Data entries
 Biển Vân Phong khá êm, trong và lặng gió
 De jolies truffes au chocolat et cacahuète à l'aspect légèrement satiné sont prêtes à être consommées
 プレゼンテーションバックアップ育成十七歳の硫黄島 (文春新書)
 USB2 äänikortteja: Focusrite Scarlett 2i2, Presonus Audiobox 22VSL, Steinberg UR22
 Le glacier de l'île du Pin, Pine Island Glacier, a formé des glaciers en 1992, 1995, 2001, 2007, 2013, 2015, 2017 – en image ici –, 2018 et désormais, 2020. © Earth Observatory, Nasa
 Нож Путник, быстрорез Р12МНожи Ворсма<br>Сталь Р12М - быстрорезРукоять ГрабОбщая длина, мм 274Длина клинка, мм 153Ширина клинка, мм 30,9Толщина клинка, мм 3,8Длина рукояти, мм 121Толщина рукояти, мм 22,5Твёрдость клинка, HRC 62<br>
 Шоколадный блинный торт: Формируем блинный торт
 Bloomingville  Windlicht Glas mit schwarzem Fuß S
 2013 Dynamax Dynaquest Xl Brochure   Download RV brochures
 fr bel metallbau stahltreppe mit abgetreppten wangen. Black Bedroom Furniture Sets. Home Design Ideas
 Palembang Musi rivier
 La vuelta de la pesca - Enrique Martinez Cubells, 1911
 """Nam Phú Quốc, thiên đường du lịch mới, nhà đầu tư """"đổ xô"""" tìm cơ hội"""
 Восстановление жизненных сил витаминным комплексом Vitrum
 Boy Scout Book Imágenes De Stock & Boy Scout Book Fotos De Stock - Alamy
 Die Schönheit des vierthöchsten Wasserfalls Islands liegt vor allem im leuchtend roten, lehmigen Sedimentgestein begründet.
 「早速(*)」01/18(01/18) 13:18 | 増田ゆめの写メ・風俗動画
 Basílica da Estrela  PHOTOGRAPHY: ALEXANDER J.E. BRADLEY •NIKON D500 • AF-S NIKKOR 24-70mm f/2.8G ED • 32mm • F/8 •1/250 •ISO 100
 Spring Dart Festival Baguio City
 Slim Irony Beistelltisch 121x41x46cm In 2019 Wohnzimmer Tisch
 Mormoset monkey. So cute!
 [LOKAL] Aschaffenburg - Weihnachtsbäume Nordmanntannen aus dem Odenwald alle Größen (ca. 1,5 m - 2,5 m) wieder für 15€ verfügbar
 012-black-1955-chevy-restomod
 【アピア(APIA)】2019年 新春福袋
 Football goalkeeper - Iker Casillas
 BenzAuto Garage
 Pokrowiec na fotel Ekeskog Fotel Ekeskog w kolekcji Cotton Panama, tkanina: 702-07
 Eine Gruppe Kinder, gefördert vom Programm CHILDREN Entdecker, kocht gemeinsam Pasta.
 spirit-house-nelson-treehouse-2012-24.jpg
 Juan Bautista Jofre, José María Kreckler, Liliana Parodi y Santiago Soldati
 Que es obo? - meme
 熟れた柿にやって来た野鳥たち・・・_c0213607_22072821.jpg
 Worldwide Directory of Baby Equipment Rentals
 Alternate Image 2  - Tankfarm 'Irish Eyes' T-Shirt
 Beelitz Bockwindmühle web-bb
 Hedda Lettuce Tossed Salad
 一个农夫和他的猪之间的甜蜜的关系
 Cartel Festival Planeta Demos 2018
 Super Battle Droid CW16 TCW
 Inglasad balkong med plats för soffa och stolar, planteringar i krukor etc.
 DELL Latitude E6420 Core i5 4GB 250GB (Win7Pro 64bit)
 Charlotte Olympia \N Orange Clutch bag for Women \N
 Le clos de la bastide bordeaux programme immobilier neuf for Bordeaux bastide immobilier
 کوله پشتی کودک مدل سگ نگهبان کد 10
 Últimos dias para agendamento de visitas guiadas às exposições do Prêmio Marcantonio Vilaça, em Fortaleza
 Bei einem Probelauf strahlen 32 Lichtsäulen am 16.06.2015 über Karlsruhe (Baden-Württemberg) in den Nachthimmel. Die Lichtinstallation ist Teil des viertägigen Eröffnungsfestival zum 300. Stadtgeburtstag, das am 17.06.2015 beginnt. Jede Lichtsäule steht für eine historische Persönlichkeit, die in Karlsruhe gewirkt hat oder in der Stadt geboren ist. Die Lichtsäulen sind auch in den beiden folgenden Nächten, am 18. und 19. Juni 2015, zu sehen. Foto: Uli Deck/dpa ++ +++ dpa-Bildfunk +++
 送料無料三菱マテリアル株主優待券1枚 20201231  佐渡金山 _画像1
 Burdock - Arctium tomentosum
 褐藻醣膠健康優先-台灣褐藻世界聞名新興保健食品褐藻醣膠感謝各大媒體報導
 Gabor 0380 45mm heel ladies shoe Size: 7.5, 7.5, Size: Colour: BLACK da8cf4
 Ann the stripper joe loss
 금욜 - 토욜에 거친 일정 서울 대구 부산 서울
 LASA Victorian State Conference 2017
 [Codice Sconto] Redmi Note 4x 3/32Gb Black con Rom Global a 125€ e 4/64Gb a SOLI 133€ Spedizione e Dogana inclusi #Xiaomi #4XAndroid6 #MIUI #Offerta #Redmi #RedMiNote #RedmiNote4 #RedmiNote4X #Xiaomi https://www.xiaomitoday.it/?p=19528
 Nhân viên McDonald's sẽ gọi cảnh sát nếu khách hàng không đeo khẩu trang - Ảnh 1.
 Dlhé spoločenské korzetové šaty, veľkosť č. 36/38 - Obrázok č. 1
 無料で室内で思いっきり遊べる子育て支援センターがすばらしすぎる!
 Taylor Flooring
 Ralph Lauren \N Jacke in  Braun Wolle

BRIEF: Please return the lines above that run from the line containing "Boy Scout Book Imágenes" to the line containing "13:18 | 増田ゆめの写メ・風俗動画", inclusive, exactly and with no other lines.

WRITTEN ANSWER:
 Boy Scout Book Imágenes De Stock & Boy Scout Book Fotos De Stock - Alamy
 Die Schönheit des vierthöchsten Wasserfalls Islands liegt vor allem im leuchtend roten, lehmigen Sedimentgestein begründet.
 「早速(*)」01/18(01/18) 13:18 | 増田ゆめの写メ・風俗動画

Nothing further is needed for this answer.